Bladder	Breast	Brain	Colon	Kidney	Liver	Lung	Pancreas	Ovary	Stomach	Cancer_1
6.0588	2.8661	3.0927	6.0077	2.8955	5.5982	2.8897	6.1144	5.3427	8.1293	0
4.4945	2.2051	0.9343	5.2312	1.787	7.3889	2.5828	3.4843	5.5047	6.8844	0
6.2015	3.66	2.9109	6.6927	1.5316	6.6405	3.6972	4.4913	5.4835	8.8552	0
6.2664	1.5854	4.9801	5.3313	2.8055	7.7239	4.2165	3.8075	5.8058	8.6699	1
5.904	2.1047	4.3618	5.9225	1.3454	6.388	3.1604	5.6396	5.1506	8.3964	1

# '__future__' : python 2에서 python 3 문법 사용 가능
from __future__ import absolute_import, division, print_function

# 텐서플로우, 넘파이 라이브러리 임포트
import tensorflow as tf
import numpy as np

# 유전자 발현 데이터 로딩 및 배열 확인
xy = np.loadtxt('Example_expression.csv', delimiter=',', dtype=np.float32)
x_data = xy[:, 0:-1]
y_data = xy[:, [-1]]

print(x_data, y_data)
print(x_data.shape, y_data.shape)
[[6.0588 2.8661 3.0927 ... 6.1144 5.3427 8.1293]
 [4.4945 2.2051 0.9343 ... 3.4843 5.5047 6.8844]
 [6.2015 3.66   2.9109 ... 4.4913 5.4835 8.8552]
 ...
 [6.6107 0.7146 2.6828 ... 4.8744 4.8949 6.7165]
 [6.9365 2.5683 5.0457 ... 4.89   5.7063 7.8359]
 [5.9141 2.676  2.1013 ... 4.3999 6.5358 8.5825]] [[0.]
 [0.]
 [0.]
 ...
 [1.]
 [1.]
 [1.]]
(5000, 10) (5000, 1)

# 프로그램 실행 순간에 변수값을 입력하기 위해 placedholder 함수 사용
X = tf.placeholder(tf.float32, shape=[None, 10])
Y = tf.placeholder(tf.float32, shape=[None, 1])

# 텐서플로우에서 학습될 W(Weight) 및 b(bias) 값을 변수(Variable) 노드로 정의
# W와 b 값의 초기값 정보가 없기에 랜덤하게 값을 설정
W = tf.Variable(tf.random_normal([10,1]), name='weight')
b = tf.Variable(tf.random_normal([1]), name='bias')

# sigmoid 함수를 이용한 가설 정의
hypothesis = tf.sigmoid(tf.matmul(X, W) + b)

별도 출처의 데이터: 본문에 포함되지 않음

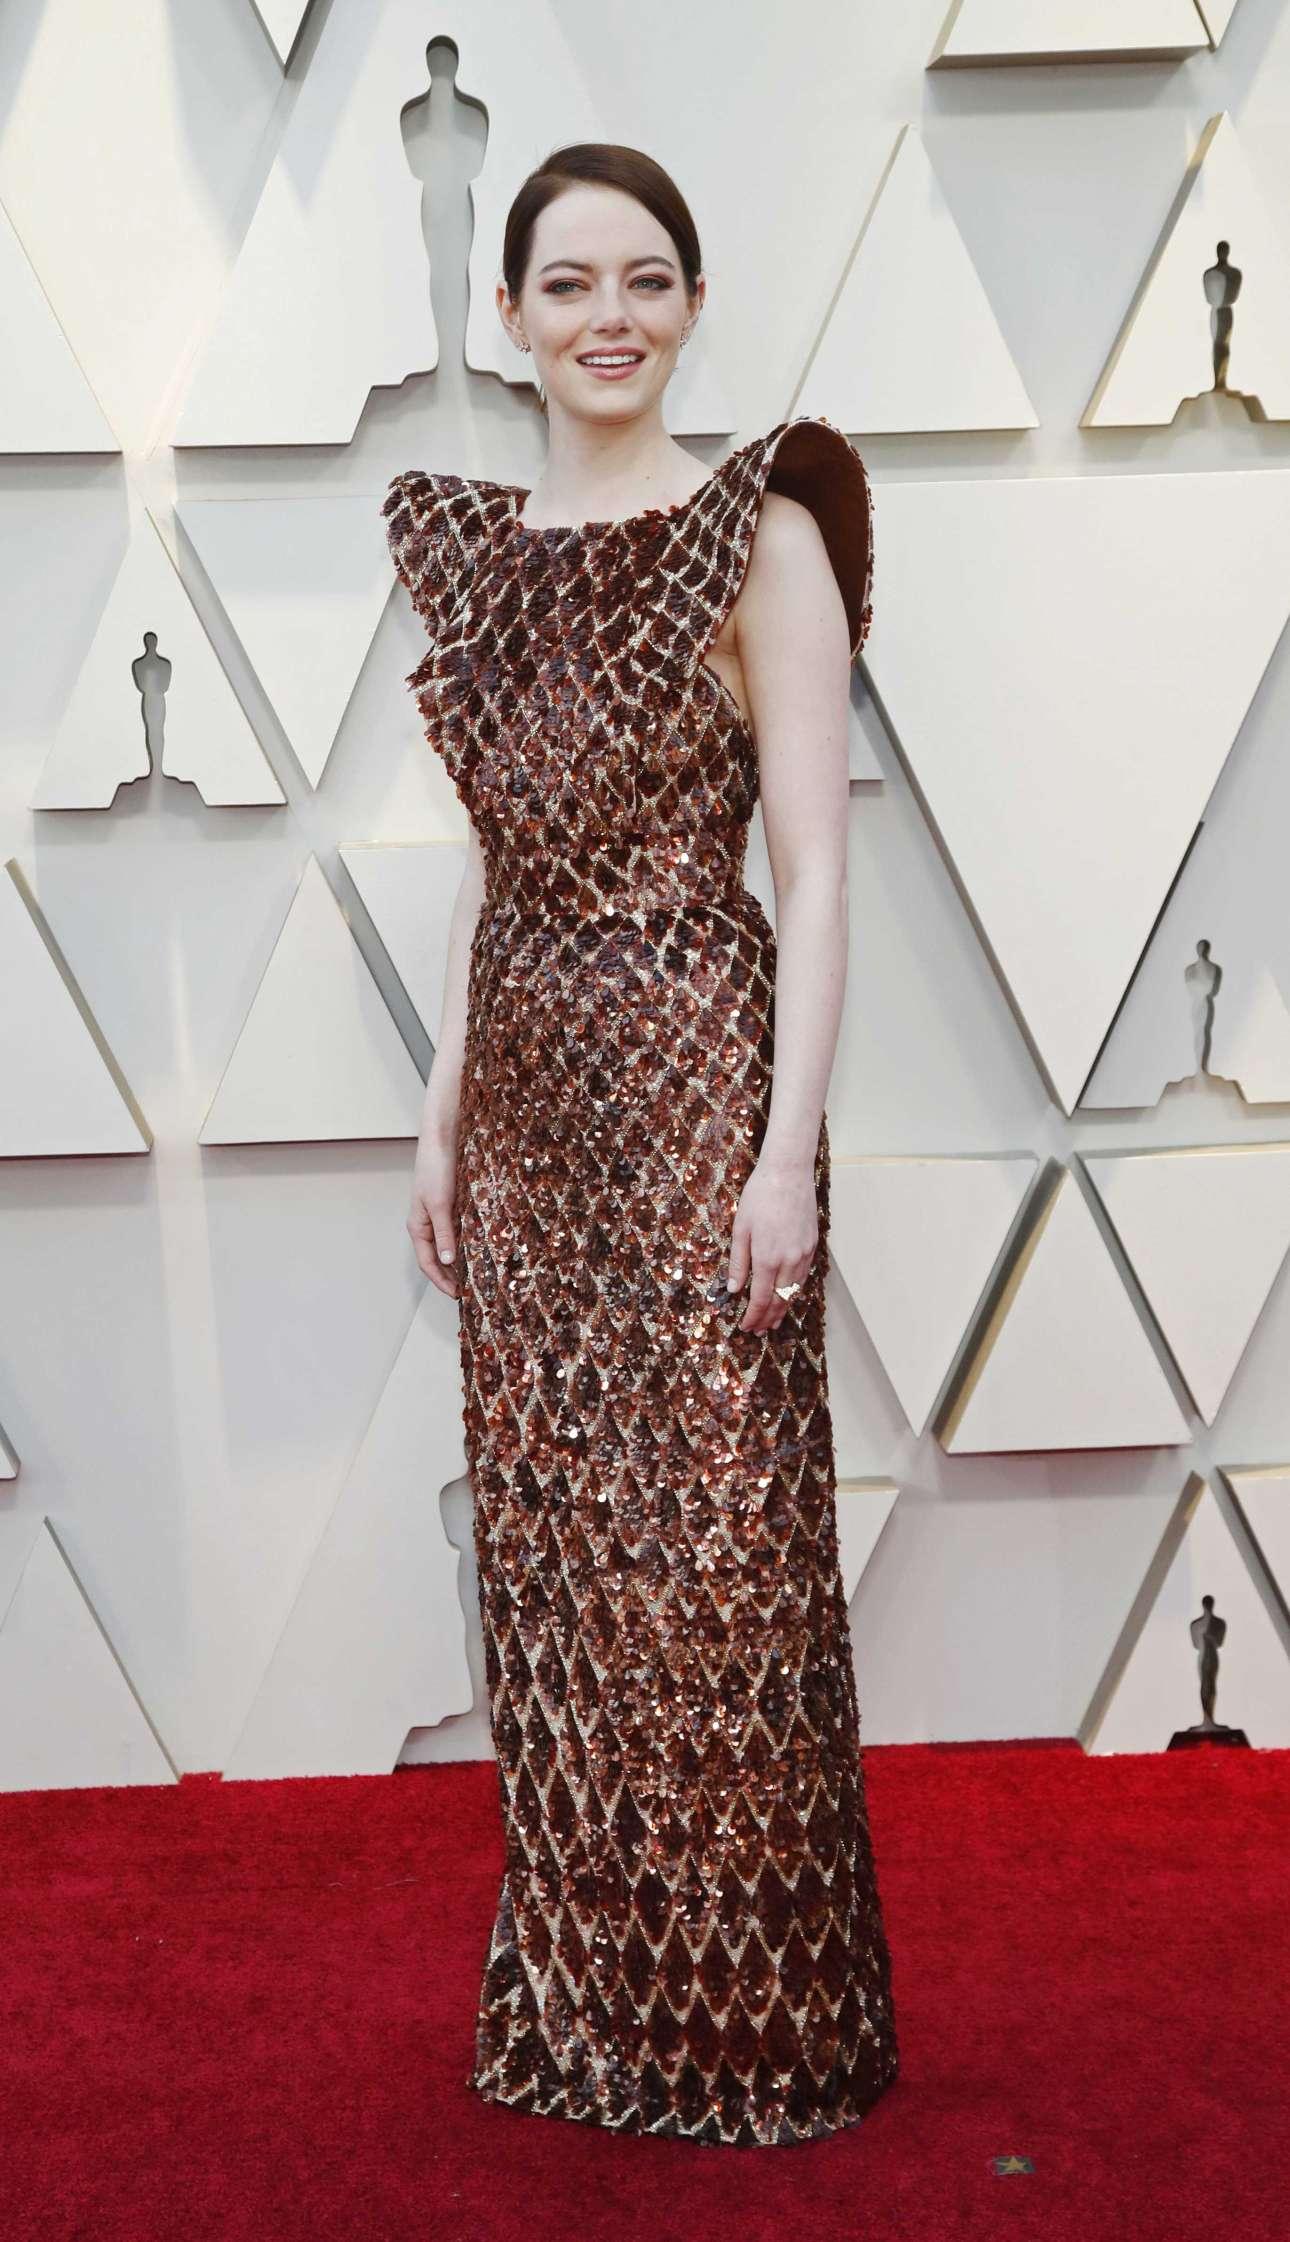 Η Εμα Στόουν, υποψήφια για Οσκαρ Β΄Γυναικείου ρόλου για την ταινία του Λάνθιμου «Η Ευνοούμενη», έμοιαζε με μπρούντζινο άγαλμα μέσα στη Louis Vuitton τουαλέτα της

# cost function 정의 (reduce_mean 함수로 평균 계산)
cost = tf.reduce_mean(Y*tf.log(hypothesis + 0.001) + (1-Y)*tf.log(1-hypothesis+0.001))

# 최적화를 위한 경사하강법 정의
train = tf.train.GradientDescentOptimizer(learning_rate=0.0001).minimize(cost)

# hypothesis 값이 0.5 이상이면 'true'로 예측
predicted = tf.cast(hypothesis > 0.5, dtype=tf.float32)

# 정확도 연산
accuracy = tf.reduce_mean(tf.cast(tf.equal(predicted, Y), dtype=tf.float32))

# 세션을 생성하고 그래프 실행
with tf.Session() as sess:
  sess.run(tf.global_variables_initializer())
  for step in range(10001):
    cost_val, _ = sess.run([cost, train], feed_dict={X:x_data, Y:y_data})
    if step%1000==0:
      print(step, cost_val)

# 정확도 결과 출력
  h, c, a = sess.run([hypothesis, predicted, accuracy], feed_dict={X:x_data, Y:y_data})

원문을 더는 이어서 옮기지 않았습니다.